* What the task requires
In the copy, leave out the pictures and repeat all records exactly.
────────────────────────────────────────
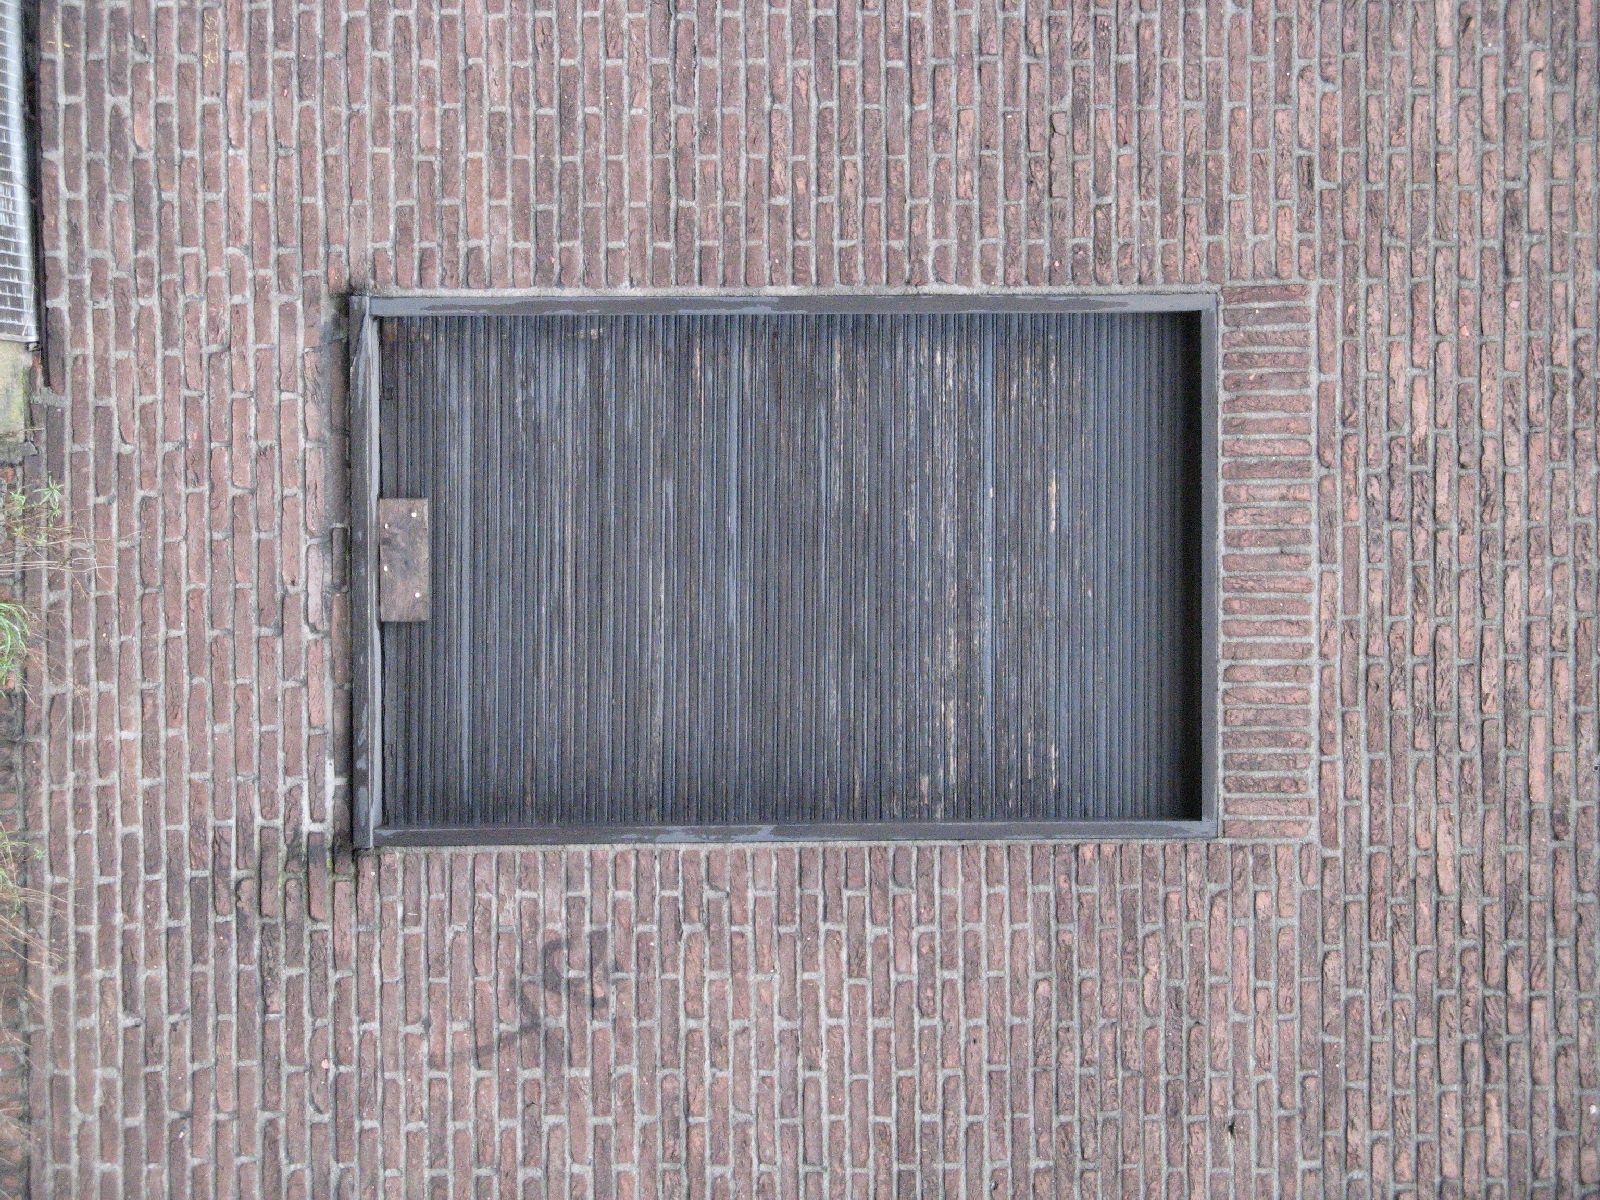 Building_Texture_B_3993
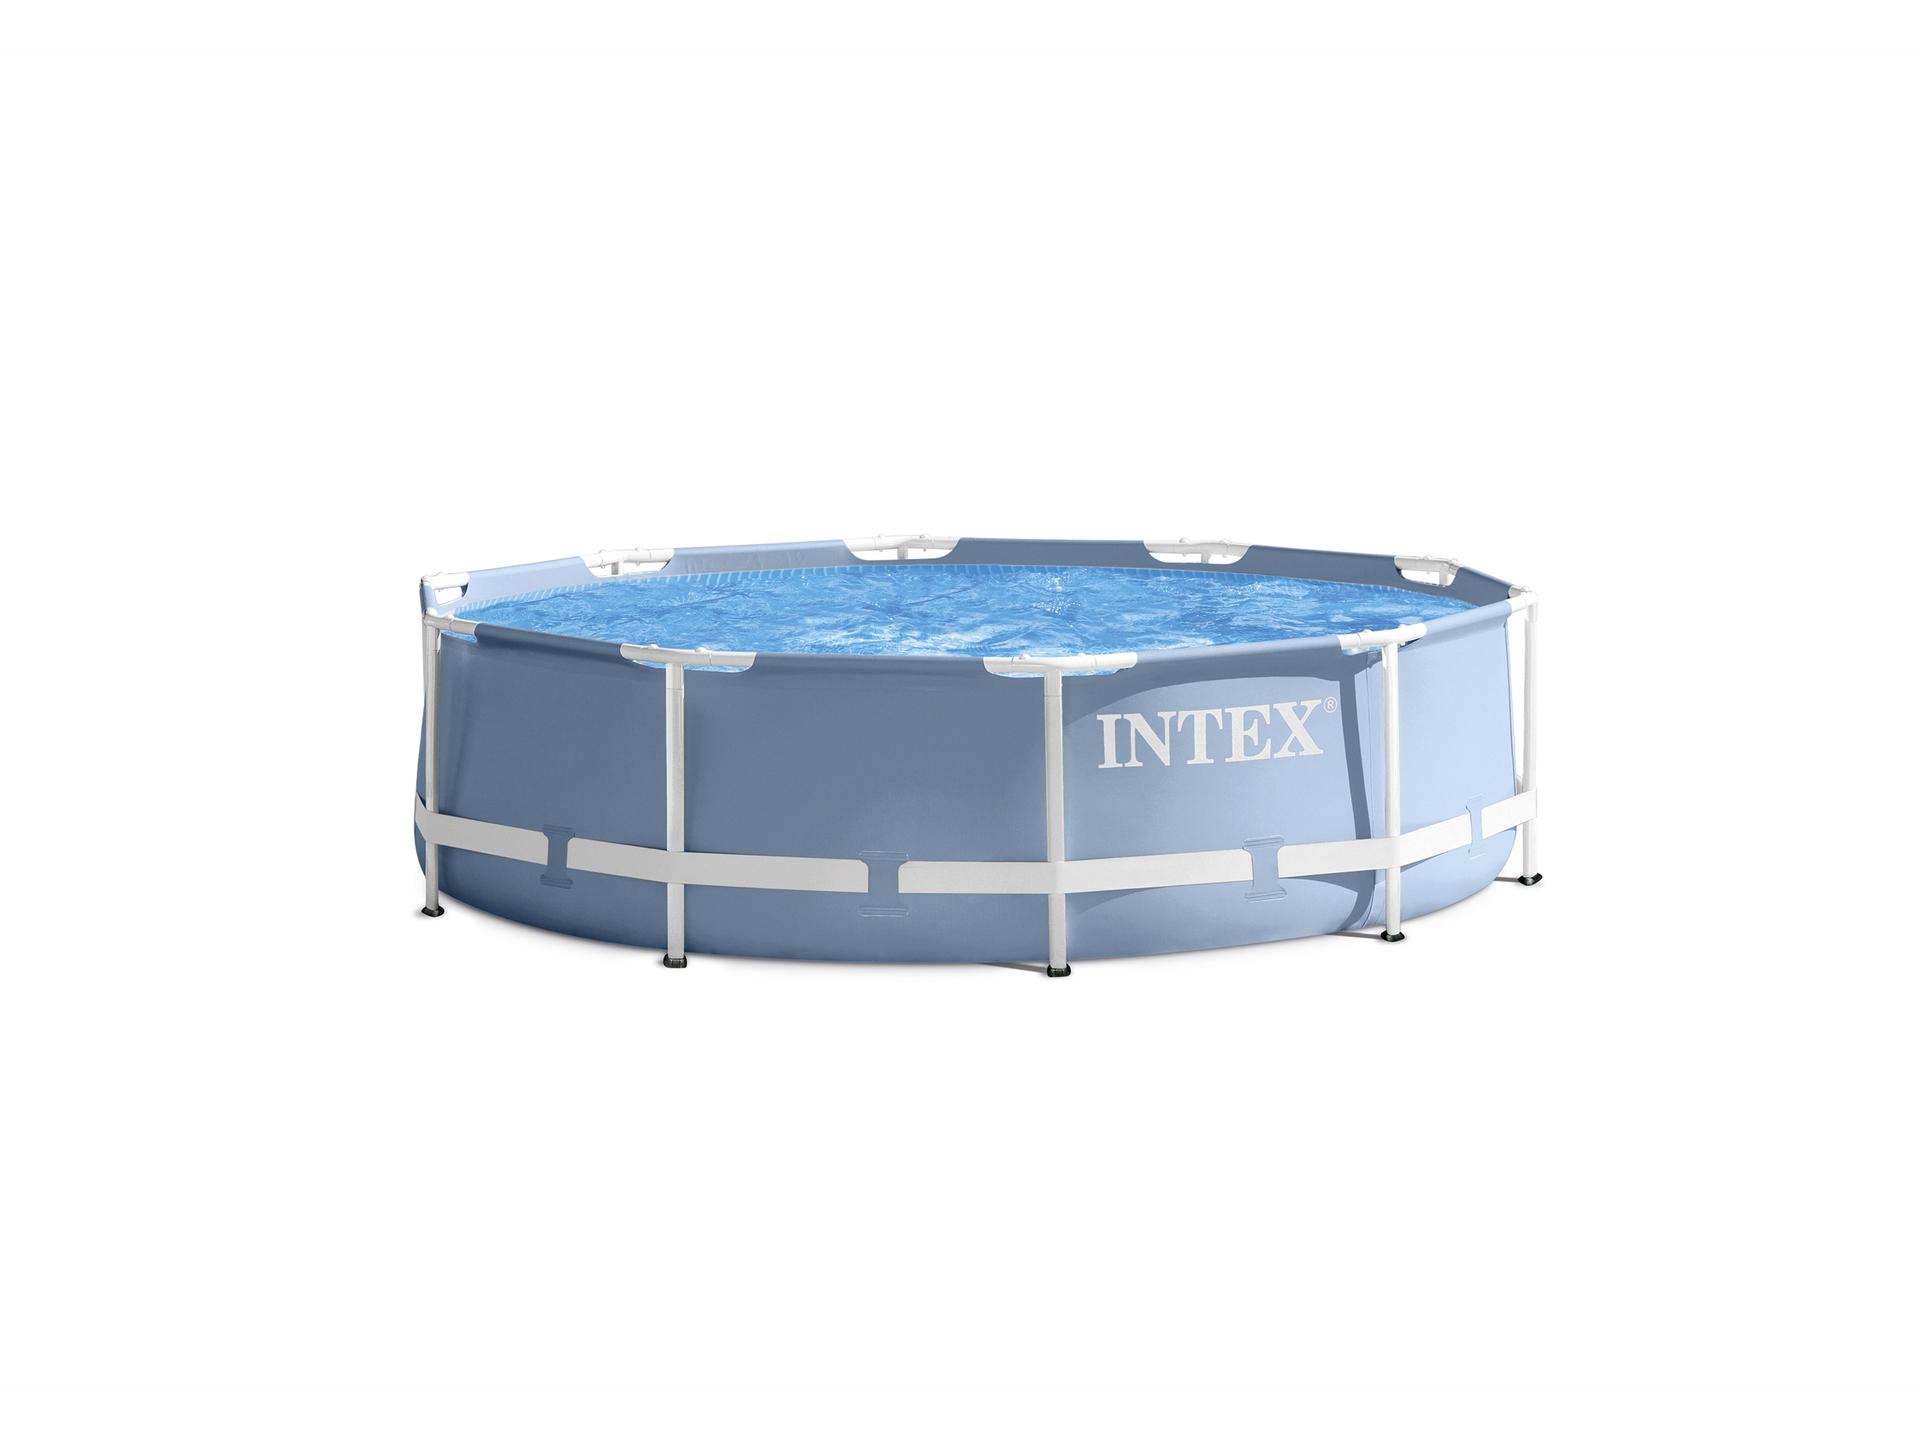 Intex familie zwembad Bad 305x76 inclusief Pomp
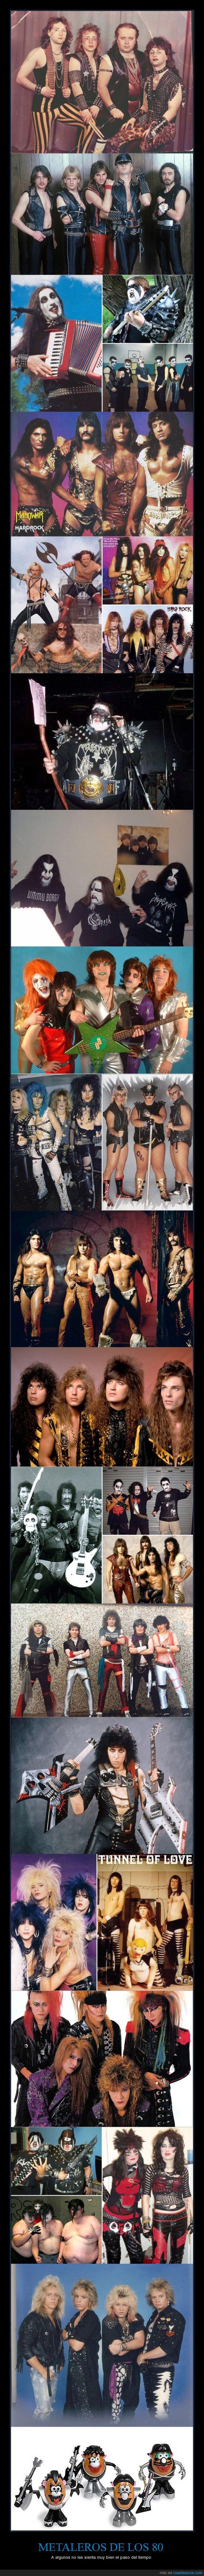 metal,metaleros,música,pintas,rock
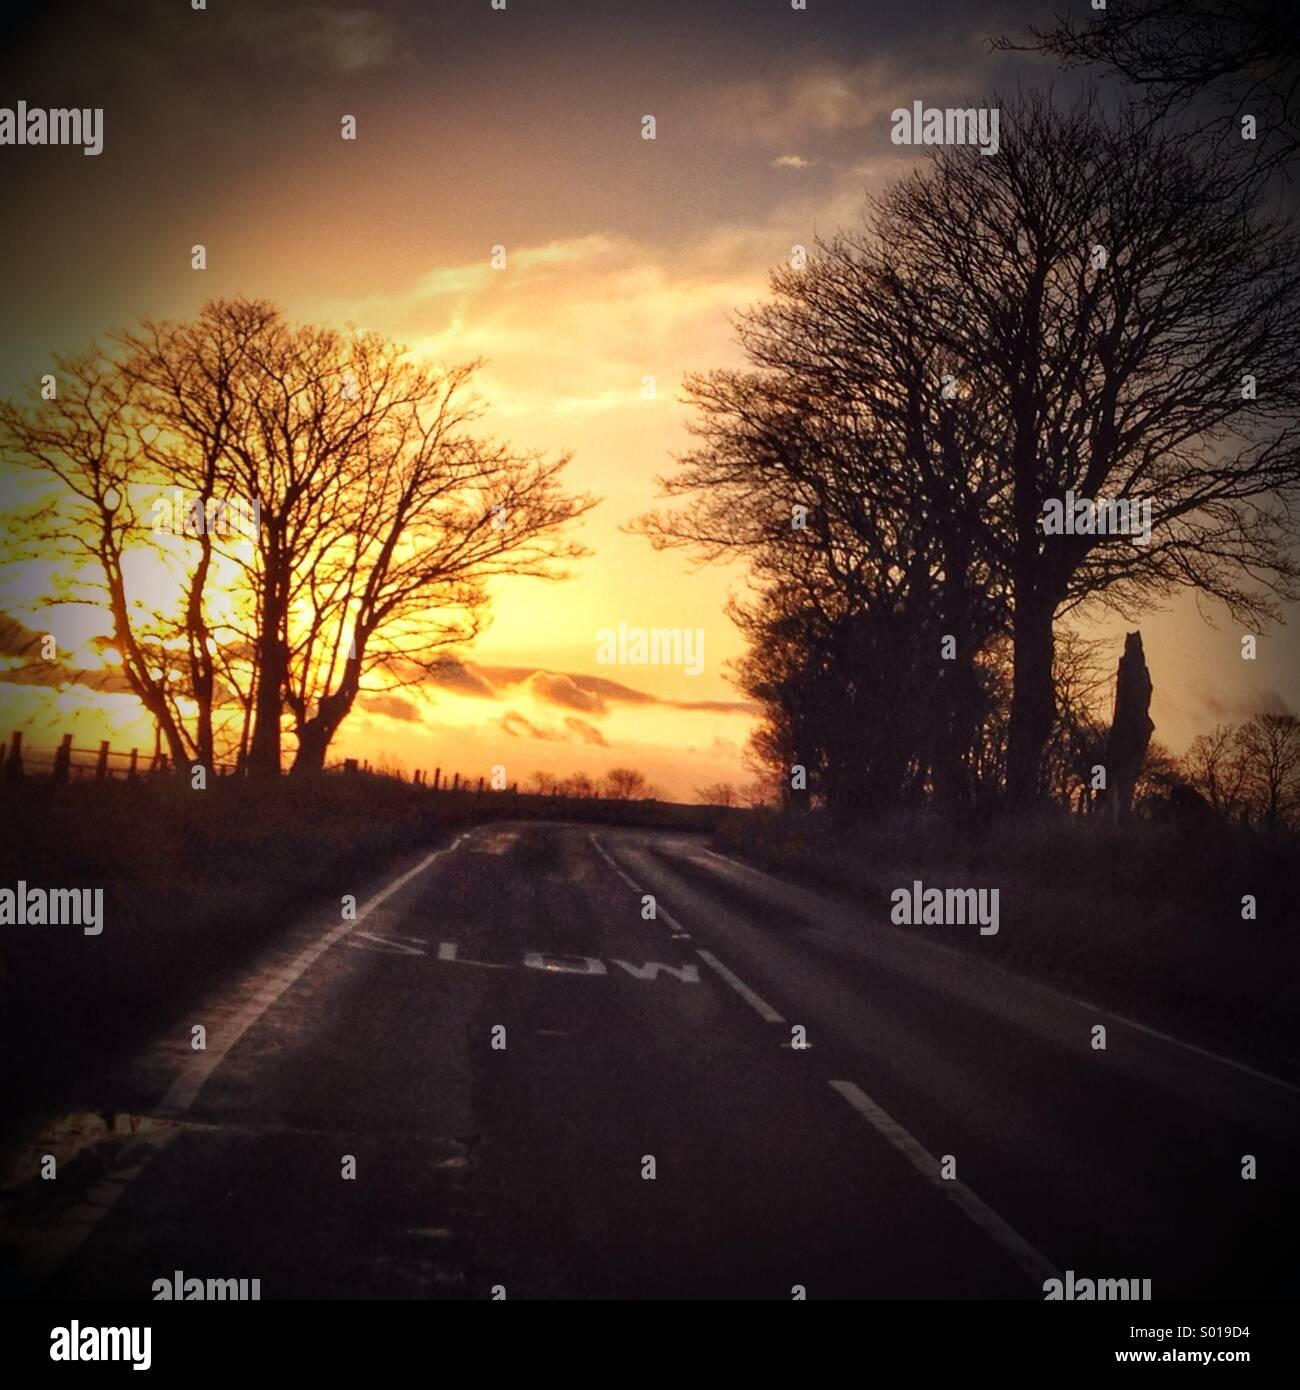 Slow Road. - Stock Image
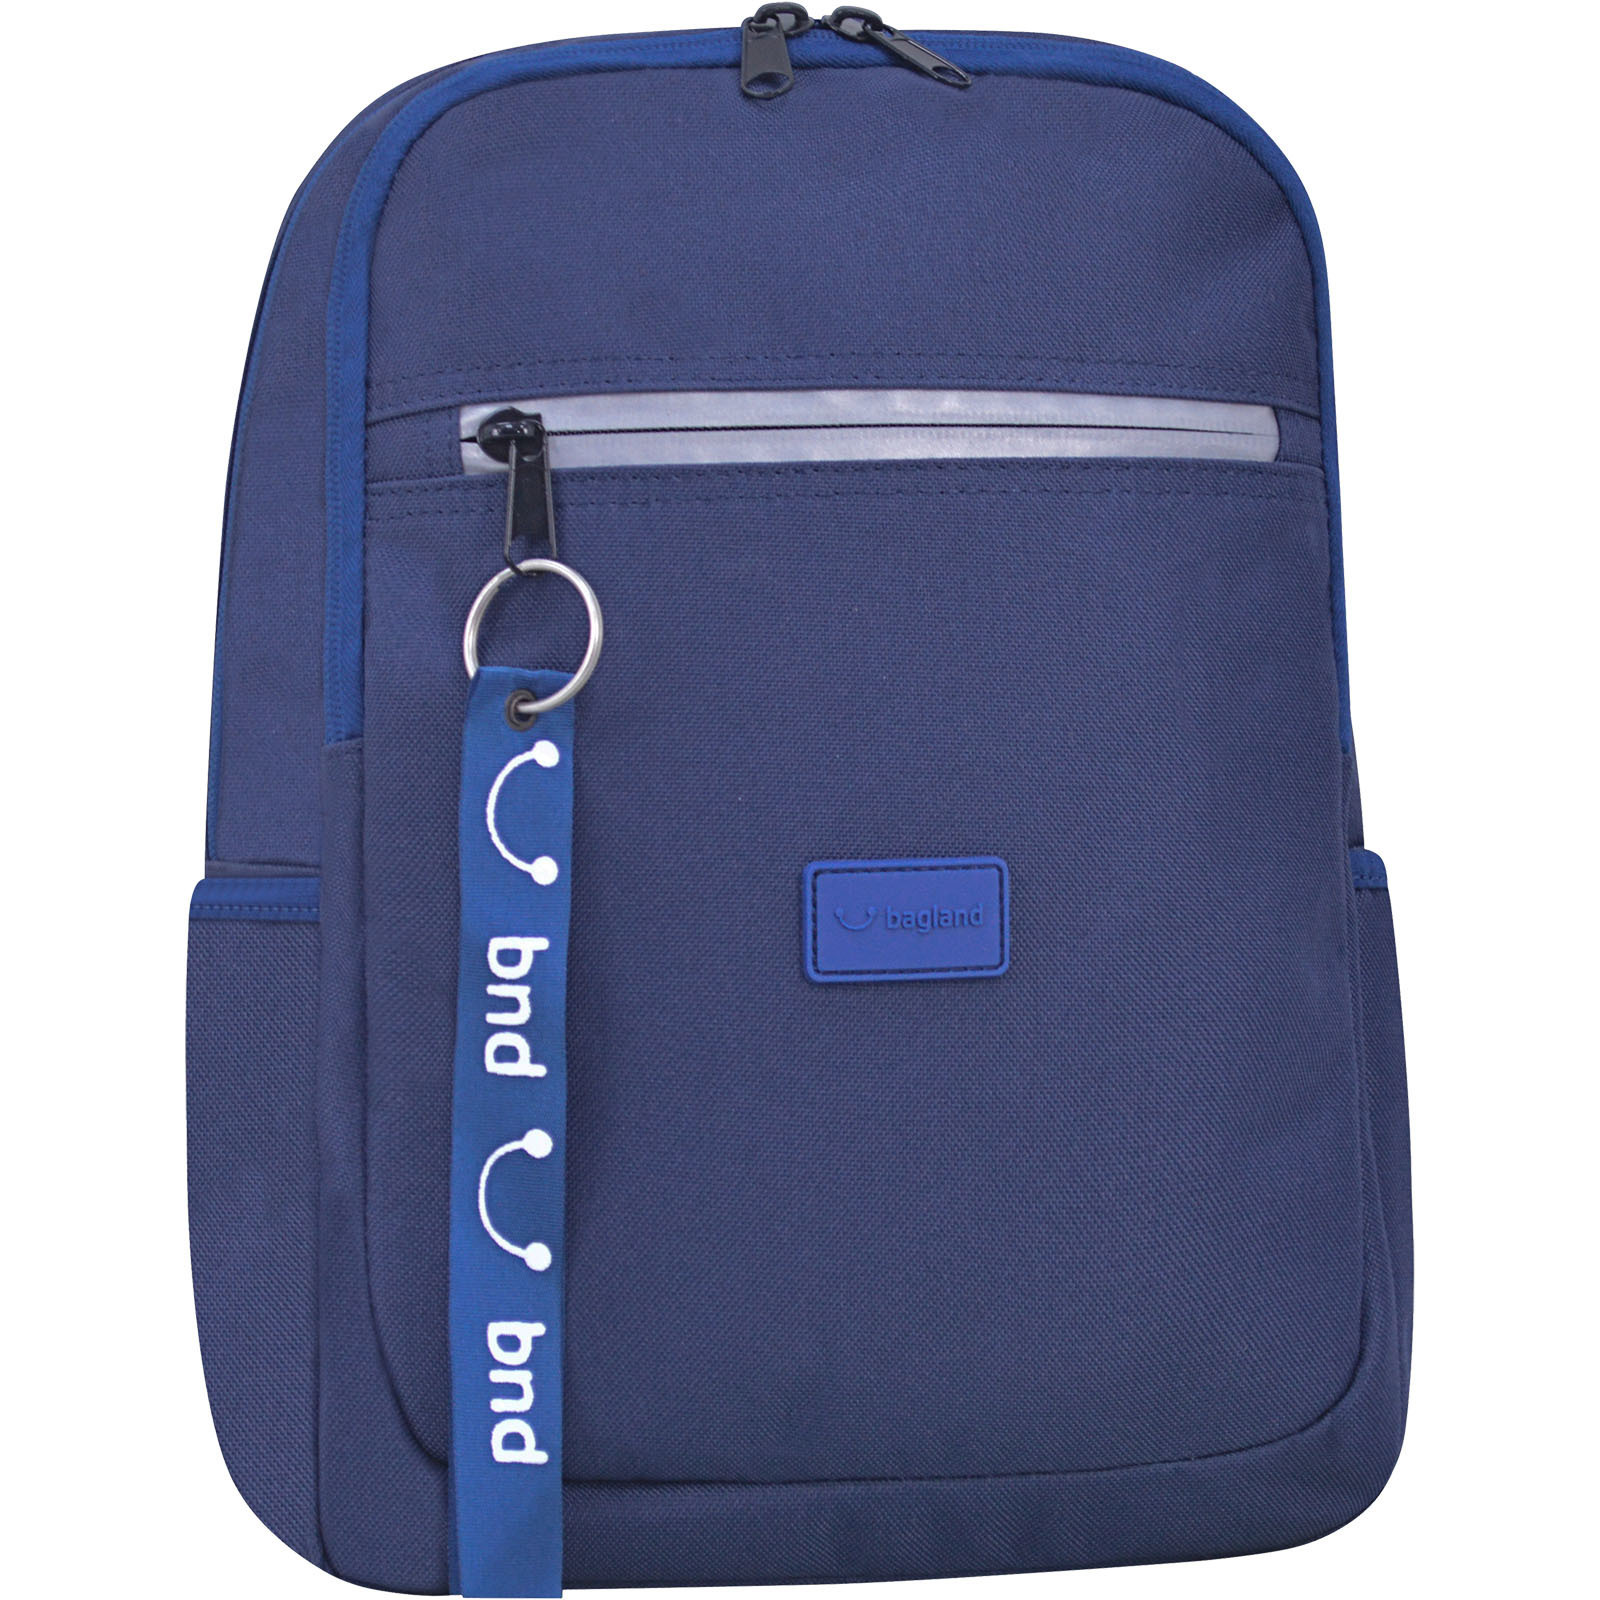 Молодежные рюкзаки Рюкзак Bagland Young 13 л. синий (0051066) DSC_1095-1600.jpg
────────────────────────────────────────
* Written solution
 Building_Texture_B_3993
 Intex familie zwembad Bad 305x76 inclusief Pomp
 metal,metaleros,música,pintas,rock
 Slow Road. - Stock Image
 Молодежные рюкзаки Рюкзак Bagland Young 13 л. синий (0051066) DSC_1095-1600.jpg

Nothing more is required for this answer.